I hesitate slightly as I write this, because I don’t want to paint an entirely bleak picture, as that’s not the full story. The encouraging truth, the vibrant counter-narrative, is that Nigeria thrives on the sheer brilliance, the unwavering grit, and the boundless resourcefulness of its people. Every single day, millions of young Nigerians are rewriting the rules of what’s possible. They’re not just adapting; they’re innovating. They’re transforming okadas into agile logistics startups, connecting communities and delivering goods with speed and efficiency. They’re wielding their phones, not just as tools for communication, but as powerful engines of commerce, building businesses and reaching customers across the country. They’re channeling their pain, their frustrations, their experiences, into powerful poetry, into music that moves us, into art that challenges us to see the world differently.
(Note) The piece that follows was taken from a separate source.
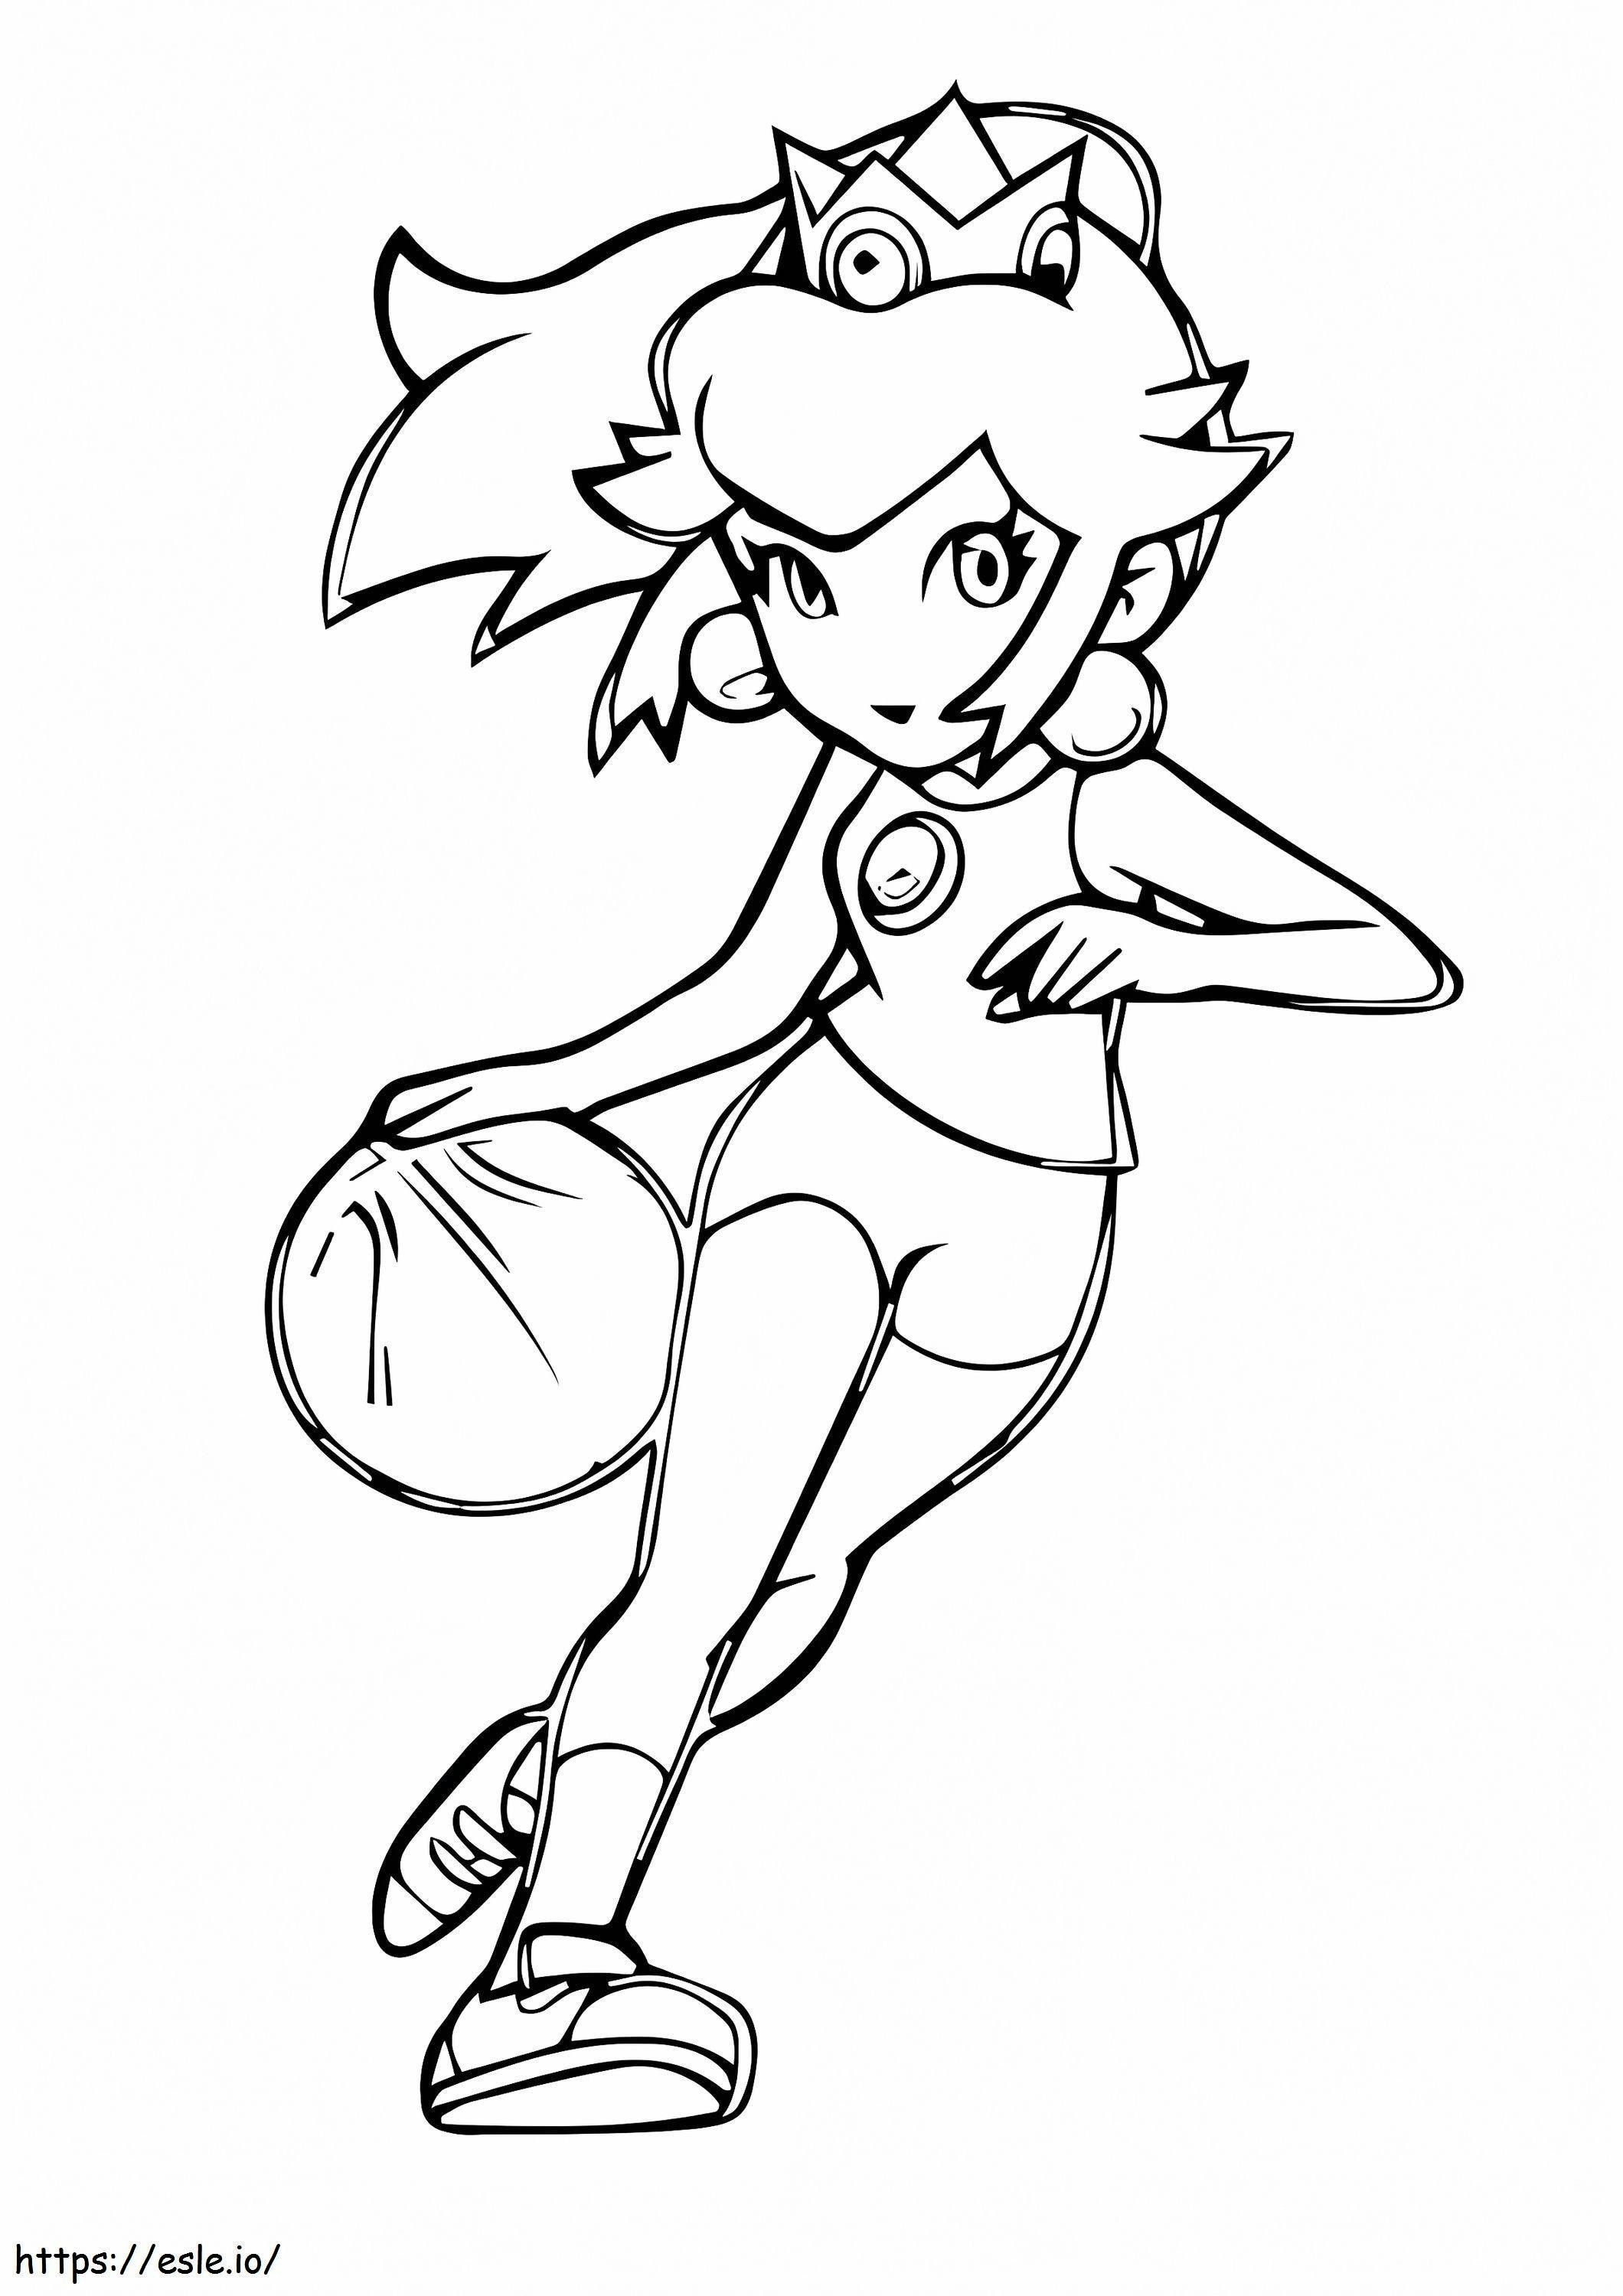 Coloriage Princesse Peach jouant au basket à imprimer dessin

They are not simply hustling to survive; they are actively creating, relentlessly building, boldly imagining a new Nigeria.
How do we make this imagination of a few become the freedom of the many? Firstly, we need to rethink what we value. We need to stop calling some work “unskilled” when it requires strength, precision, and patience. We need policies that protect labor, reward effort, and provide basic dignity. We need a culture that stops gaslighting the poor with divine and economic justifications for their situation while exploiting their labor for our ease and prosperity.
We must interrogate our obsession with ease, with wealth without work, because when labor is systematically devalued, society becomes unsustainable. Innovation thrives not when the few extract from the many, but when the many are empowered to create.
Pyramids, by design, serve the top; their very structure necessitates a base that bears the weight. But what if we stopped building pyramids altogether, these monuments to inequality? What if we dared to imagine a new shape, probably a circle, where value flows not in a single direction, but in a continuous, interdependent cycle. A circle where no one has to be diminished, no one has to sacrifice their inherent worth, just to belong. Because ultimately, our shared humanity isn’t a hierarchy; it’s a network of interconnectedness, and it’s time our economic and social systems reflected that truth.
Eyesan Toritseju is a graduate of Civil Engineering from Covenant University turned serial entrepreneur and corporate strategist. Passionate about society and the cultural ideologies that shape us, he explores how these forces propel or inhibit progress through his writing. In his column, Cosmopolitan Nigeria, Eyesan examines how young Nigerians navigate the complexities of culture, religion, and identity in a rapidly evolving world.